Friedrich II. war über hundert Jahre tot, als das Gedicht eines Meistersängers weissagte, wenn Streit und Krieg übergroß geworden wären, werde Kaiser Friedrich wiederkommen und seinen Schild an einen dürren Baum hängen, der dann erblühen werde. Er werde das Heilige Grab gewinnen, werde das Recht wiederherstellen, er werde nur den siebenten Teil der Pfaffen bestehen lassen, die Klöster zerstören und die Nonnen verheiraten, daß sie Wein und Korn bauten; dann würden gute, glückliche Jahre kommen.

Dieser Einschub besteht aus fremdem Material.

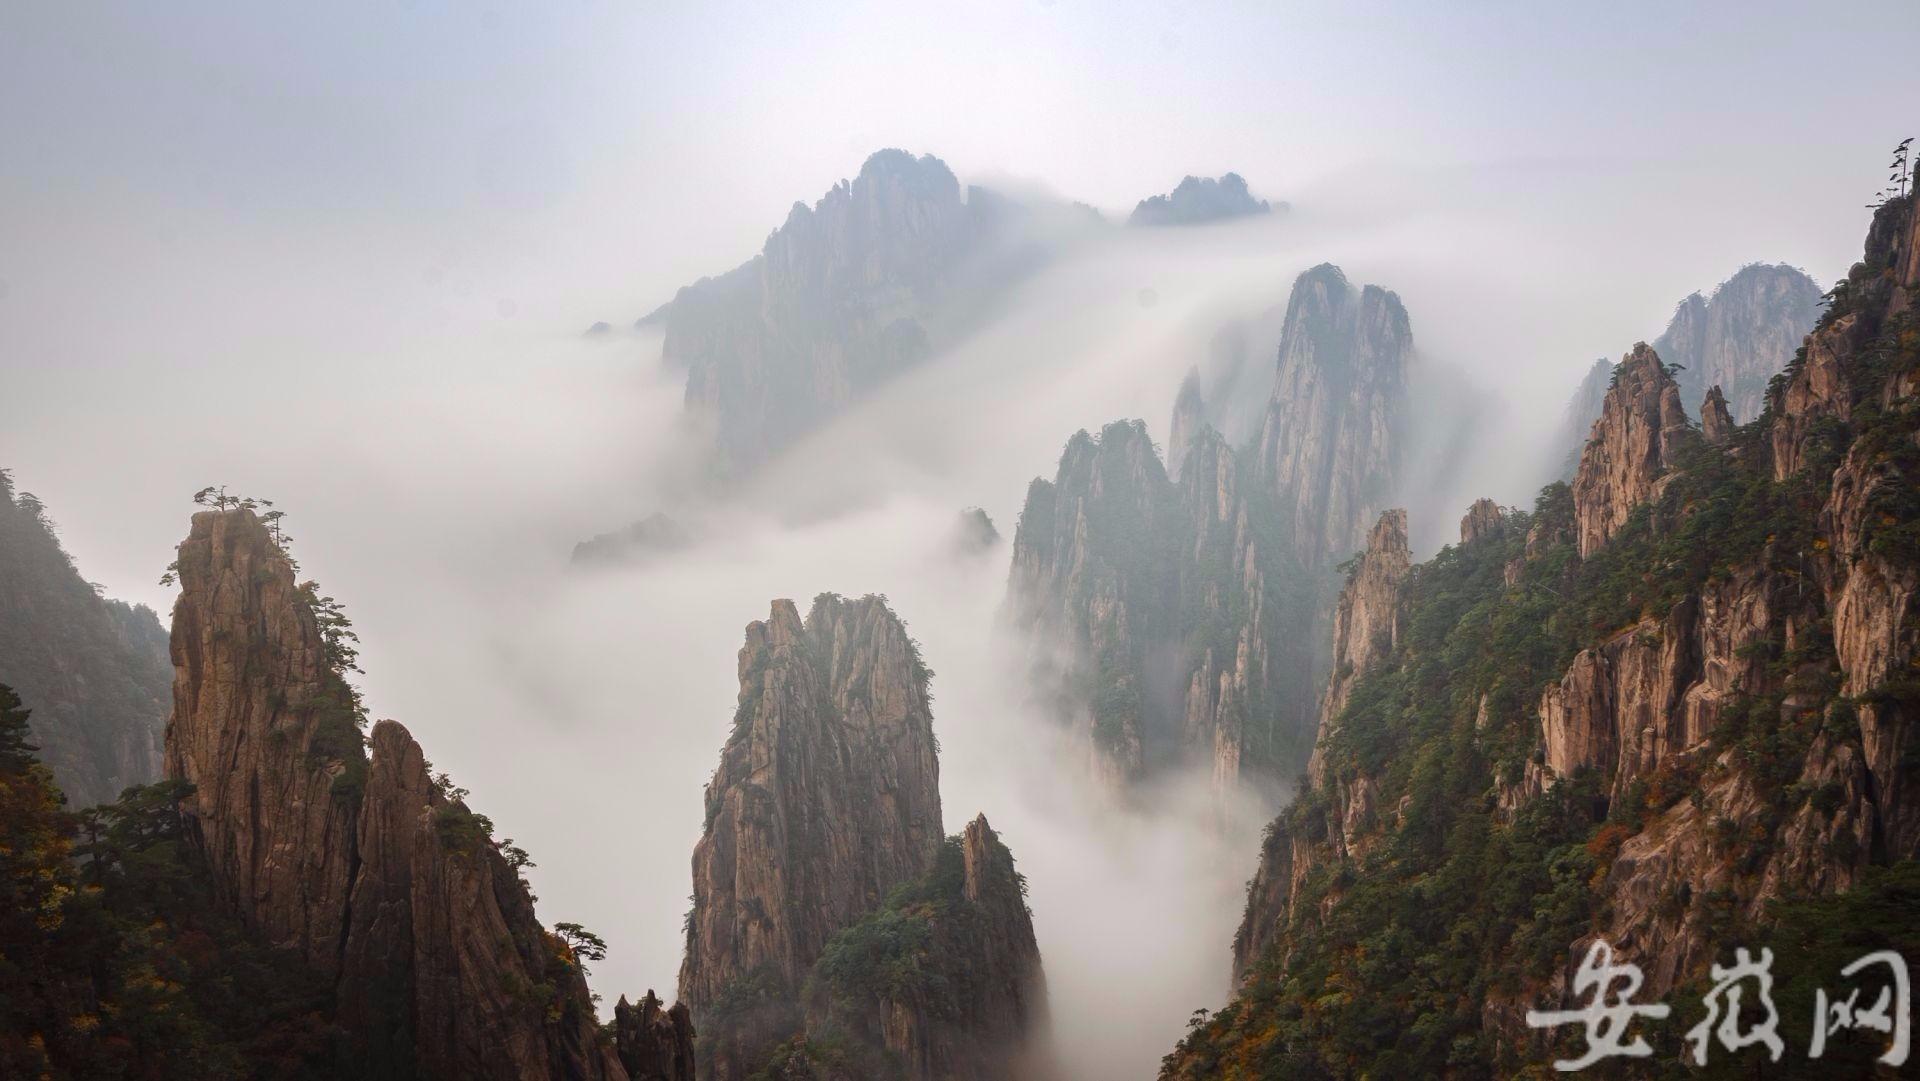 国庆黄金周渐入尾声 黄山旅游热度不减 作者: 来源:安徽网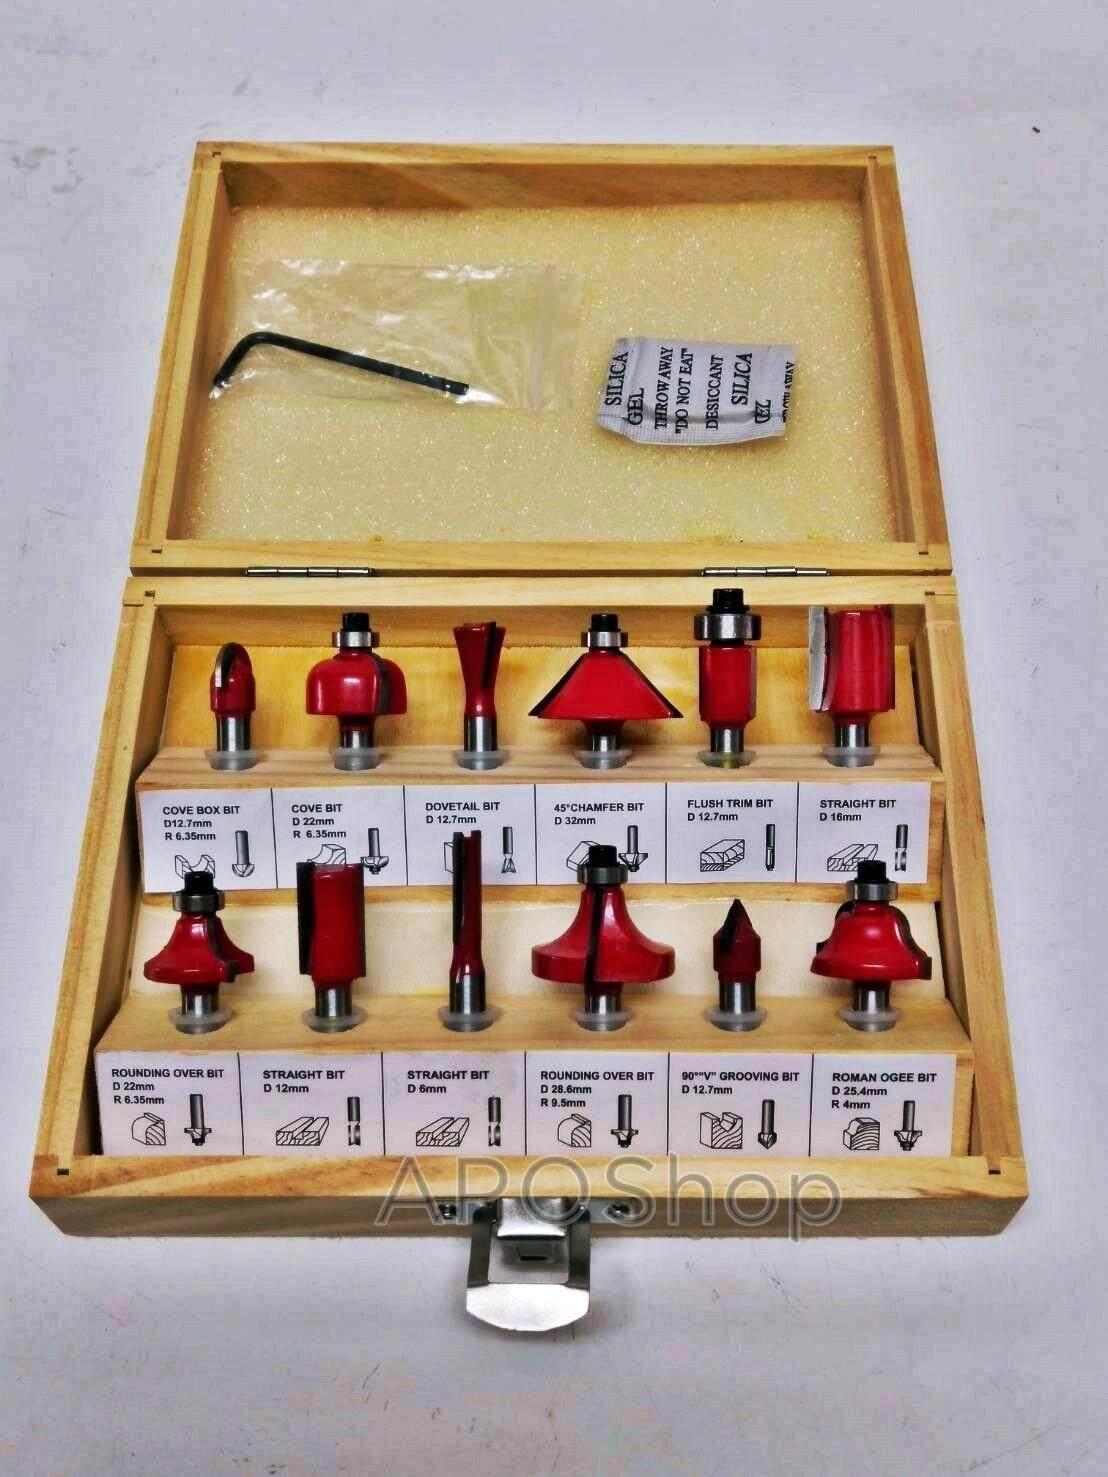 ชุดดอกทริมเมอร์ 12 ดอก เซาะร่อง ขุด แกะลวดลาย 1/4 ( แกน 6 มิล ) กล่องไม้ สวยงาม สำหรับ เครื่องเซาะร่อง ทริมเมอร์ เร้าเตอร์ 2 หุน

Es waren Wünsche aus dem Herzen des niederen Volkes. Aus solchen Kreisen war auch der falsche Friedrich gekommen, kamen auch die meisten seiner Anhänger und diejenigen, die nach seinem Tode dieselbe Rolle zu spielen versuchten. Einer von ihnen, der behauptete, er sei aus der Asche des vor Wetzlar Verbrannten erstanden, wurde in Utrecht erhängt, ein anderer in Lübeck ertränkt. Im Jahre 1295 wurde in Eßlingen der letzte falsche Friedrich verbrannt.